Five out of the six hospitals report that being able to acquire valid information on shortage duration and availability of alternatives in the initial step. According to Boechenek et al. (44) accessing such information is ultimately determined by the country in which the shortage occurs. In Austria, Belgium, Spain, and Greece, their respective national agencies for medicines are responsible for providing publicly available databases on shortages, whereas in Croatia and Serbia, this falls under the responsibility of the National Health Insurance Fund. However, considering the FMs emerging from this study, it seems that the data provided via these databases in H-AT, H-BE, and H-SP are neither up-to-date nor easily accessible to health-care professionals to readily share information. Reporting itself is not mandatory; thereby, if there is information at all, it is often not comprehensive and does not meet the purpose of finding an alternative. Furthermore, failing to share/transfer the required information on alternatives through internal hospital information systems is evident (FM 9 in H-AT, H-GR, and H-SP but 16 in H-CR), which needs to be better addressed in the future. As indicated, information sharing is essential in potential and ongoing shortages as it can provide appropriate antibiotic substitutions to meet time-sensitive situations. Moreover, established guidelines help restrict antimicrobial use in shortages to those patients who are ranked highest by priority (10). Clear decision-making processes that include communication between hospital pharmacies and DTCs may therefore assist through prioritizing patients and implementing substitution protocols (45). Health-care professionals should also be educated on how to use these protocols and how to prioritize patients when needed (3).

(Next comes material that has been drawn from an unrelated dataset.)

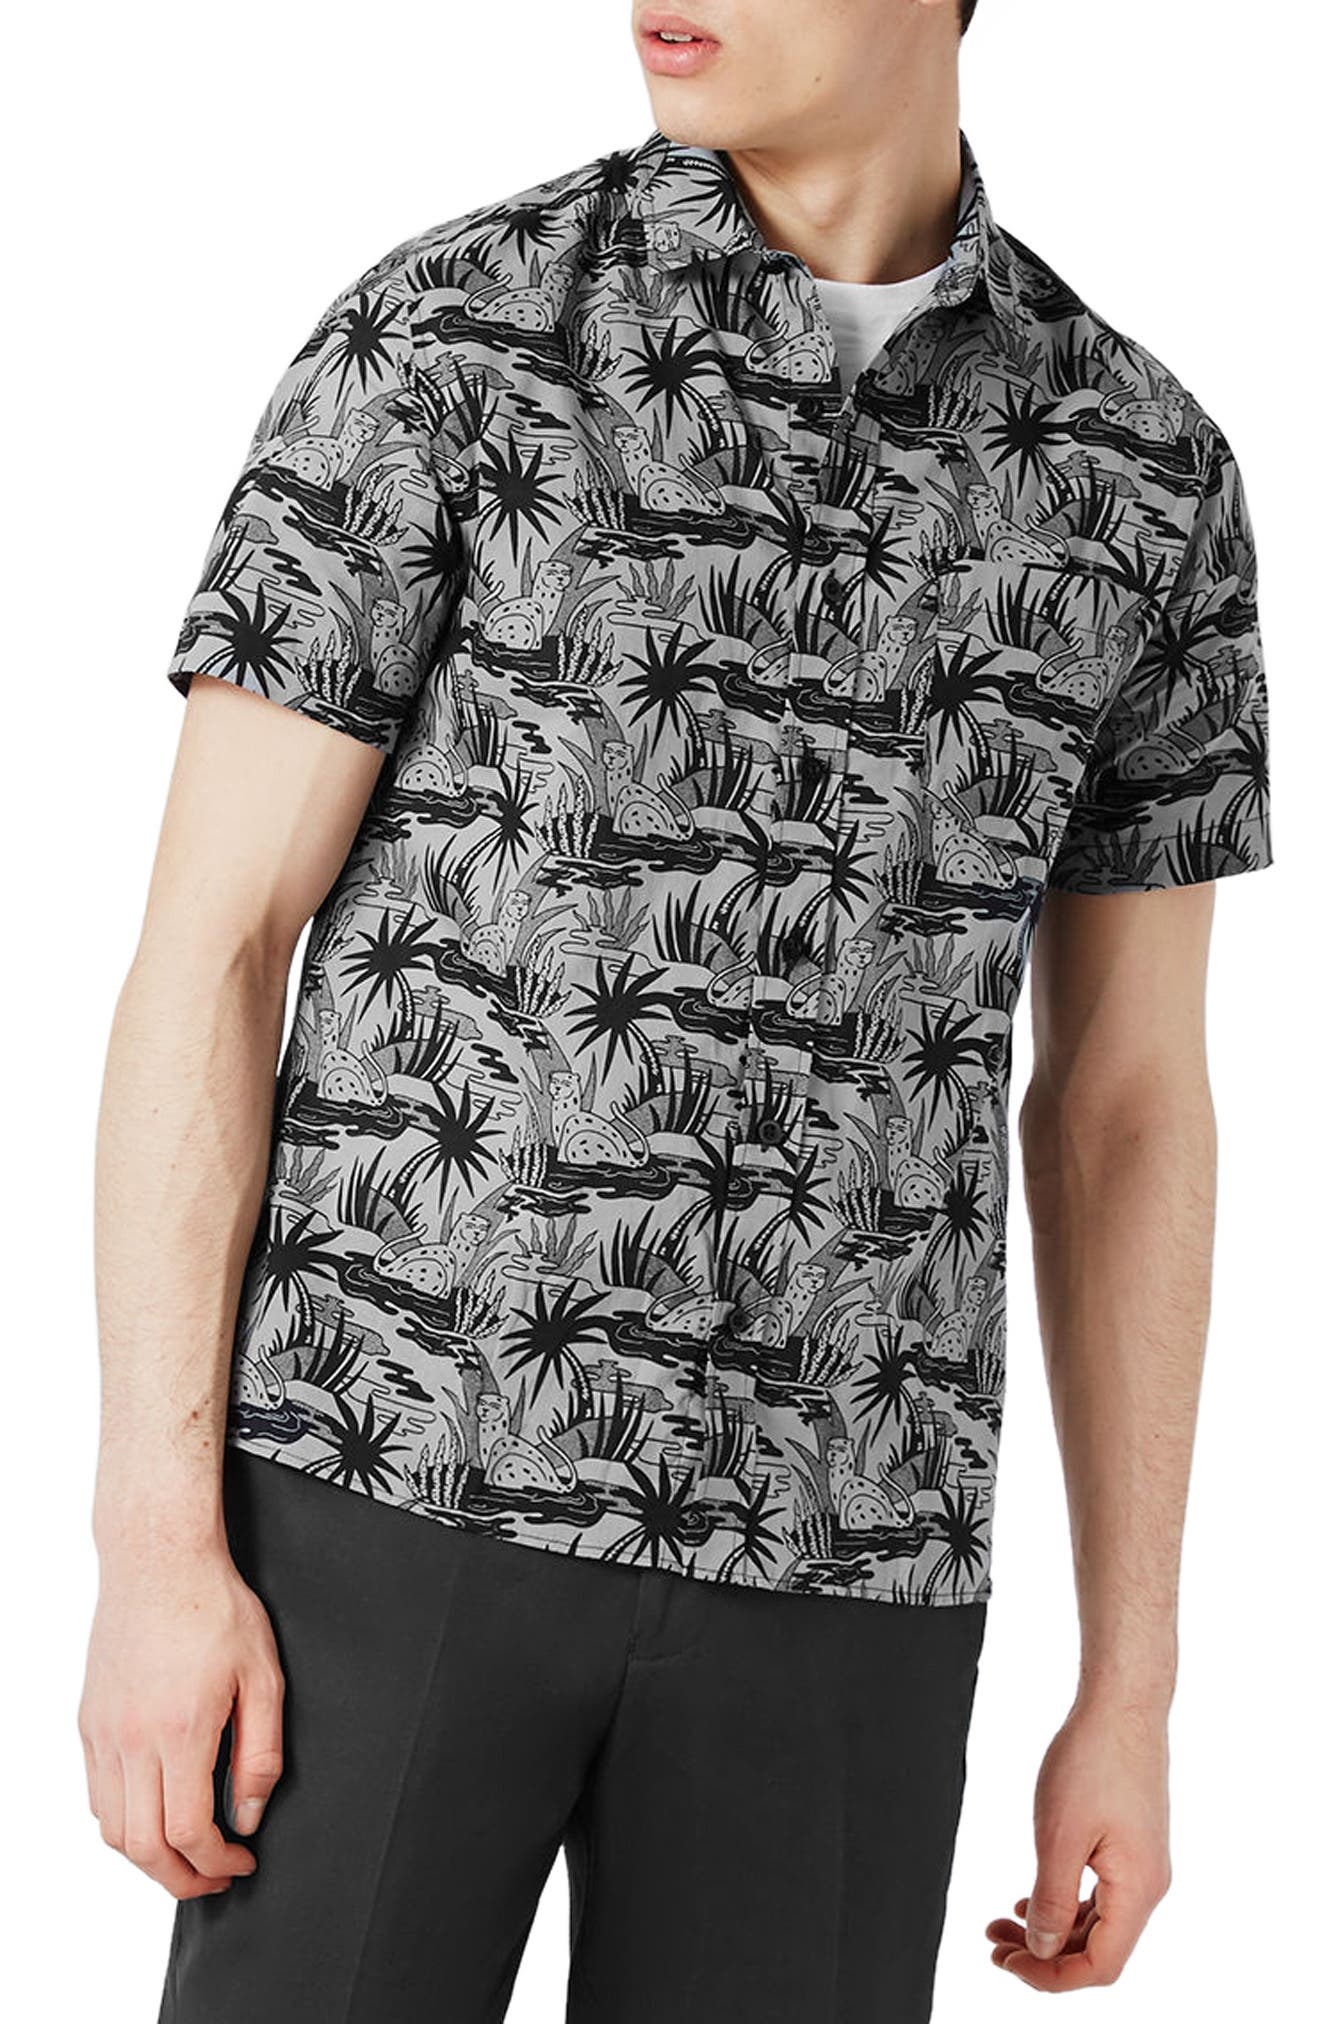 Topman Cheetah Print Shirt

A lack of timely and direct communication represents one of the main barriers in managing antibiotic shortages (4, 46). Arising from the features of IT facilities coupled with a lack of human resources in conjunction with the high workload described, the FMs are linked to the absence of proper channels of communication scored above 9 in H-BE, H-GR, and H-SP. Moreover, in H-BE, where the FM scored 9, a delay in transferring data on antibiotic shortages led to unadjusted stock levels. To combat against these issues, it is essential to disseminate information on shortages successfully. Therefore, a network of decision-making clinicians and other stakeholders within a respective health-care setting must be established (10). Notifying health-care professionals should be performed prior to the actual medicine request submitted to the pharmacy when the antibiotics in question are only available in limited quantities or otherwise completely unavailable (10). Furthermore, any notification on shortages should also comprise additional data on substitutes, including their indication for use, and should be readily available at the point of care. These notifications must be compiled as such so that health-care professionals need not perform any additional literature research when trying to decide on alternatives (10, 17). The decision-making process may also be based on checklists to facilitate consistency in substitution, where data regarding a medicine's dosage, administration particularities, and any potential look-alike or sound-alike risks are to be clearly stated (16).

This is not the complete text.